Чуть не в одно дыханье произнесенный монолог выслушан был Никанором с неослабным вниманьем – казалось бы, знакомый ему в любых сеченьях, старый приятель раскрывался с неизвестной еще стороны. Судя по четкости отдельных фраз, суждения его родились не вчера, а давно тлели в потемках подсознанья, пока в поисках чего-то иного нашарил их на донышке ума. Правда, содержания тирады в целом Никанор как-то не ухватил, зато душок ее явно ему не понравился, ибо заводила в недозволенные дебри, где, несмотря на очевидную остроту вопроса, никто пока из ортодоксальных мудрецов почему-то не шуровал. Даже подумалось невольно: «... Ежели ты и взаправдашний гений, каким у себя в семье числился, то все равно ненаш!» Вместе с тем некая щемящая правота почудилась ему в заведомо порочной концепции Вадима Лоскутова на примере хотя бы своего отношения к нему тотчас при отстранении от учебы за отказ отречься от родителей. Помнится, с опущенной головой, как после публичной оплеухи, юноша стоял в конце коридора возле вывешенного списка исключенных, и он, Никанор Шамин, с его госстипендией, факультетскими должностями и отеческим расположением всесильного декана не посмел тогда подойти, в искреннейшем порыве возраста пожать руку раздавленному, стыдясь своей кроткой зависти, так как всегда считал его выше себя по всем статьям, кроме силы физической. И лишь теперь, когда размотавшийся оратор, пользуясь своими преимуществами, что башка лучше варит и язык хлеще подвешен, путать стал общеизвестные истины, где кремневая твердость полагается, Никанору пришлось одернуть дружка для возвращения к действительности.

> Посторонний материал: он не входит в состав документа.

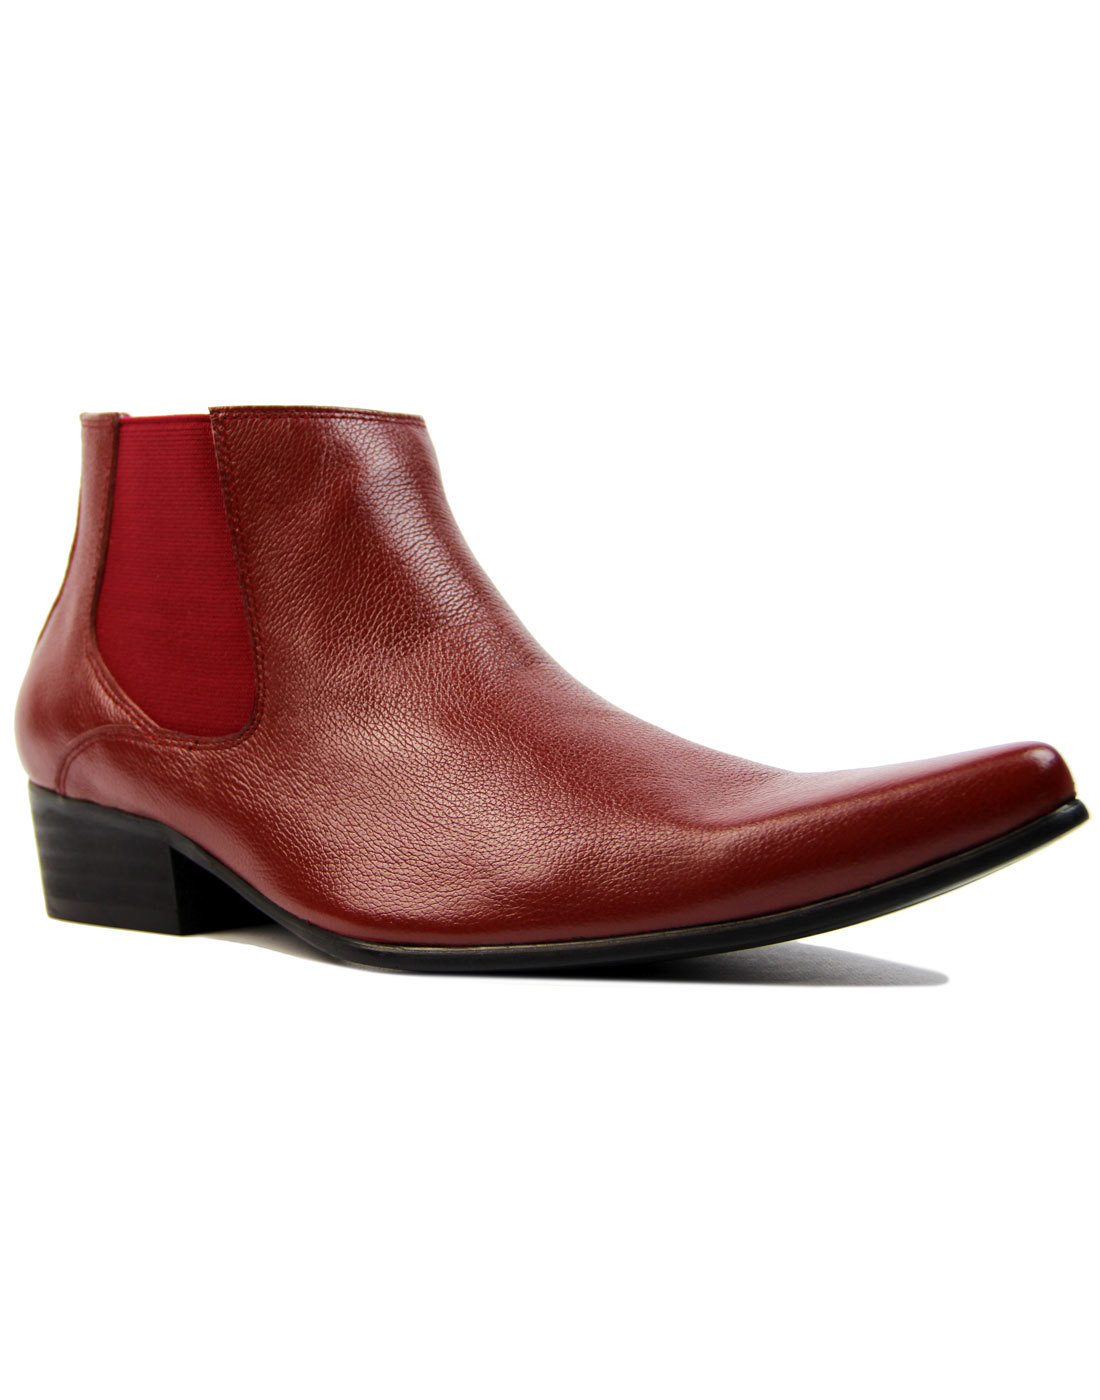 madcap england dexter mod red cuban chelsea boots

– Уж извини, вдохновенье тебе прерываю... но ты столько премудрости враз наворотил, что натощак и не разобраться... – с нарочитой грубоватостью вступил он и своей гривой тряхнул, словно вырываясь из усыпительного плена непосильных ему хитросплетений. – Однако тут имею возразить слегка...

– Что ж, возрази, пожалуй, – чему-то недоверчиво удивился Вадим.

– С первой же минуты, как вошел, попритчилось мне, глубокоуважаемый, будто голосишко у тебя незнакомый мне прорезается... Не разберу – чей, но чужой и довольно отчетливый. Тоже и Бога чаще стал поминать, без чего обходился ранее, а напоследок и вовсе завираться стал. Треба, старик, ясность внести!

– Вот и внеси, подскажи, чему учит нас товарищ Скуднов...

– И кстати, не один Скуднов, а и повыше кое-кто! – наставительно и чуть ли не вразбивку досказал Никанор. – А учит он нас с тобой, товарищ Лоскутов, что не от мыслей войны заводятся, а из подлого алчного стремленья империалистов ко всемирному переделу сырья и рынков, вот от чего!

Казалось, только этой его оплошности и ждал Вадим.

– Вот-вот, и я туда же обходным путем добираюсь... – торжествующим фальцетом, заставившим Никанора поморщиться, рассмеялся он. – Раз повыше, то и следовало тебе прочесть соответственную ленинскую цитату о войнах, которую со средней школы знаешь наизусть. Но, к сожалению, она без должной брани, почти нейтральна применительно к обстановке, и ты попроще, подоходчивей предпочел, правда?.. А сказать тебе, почему?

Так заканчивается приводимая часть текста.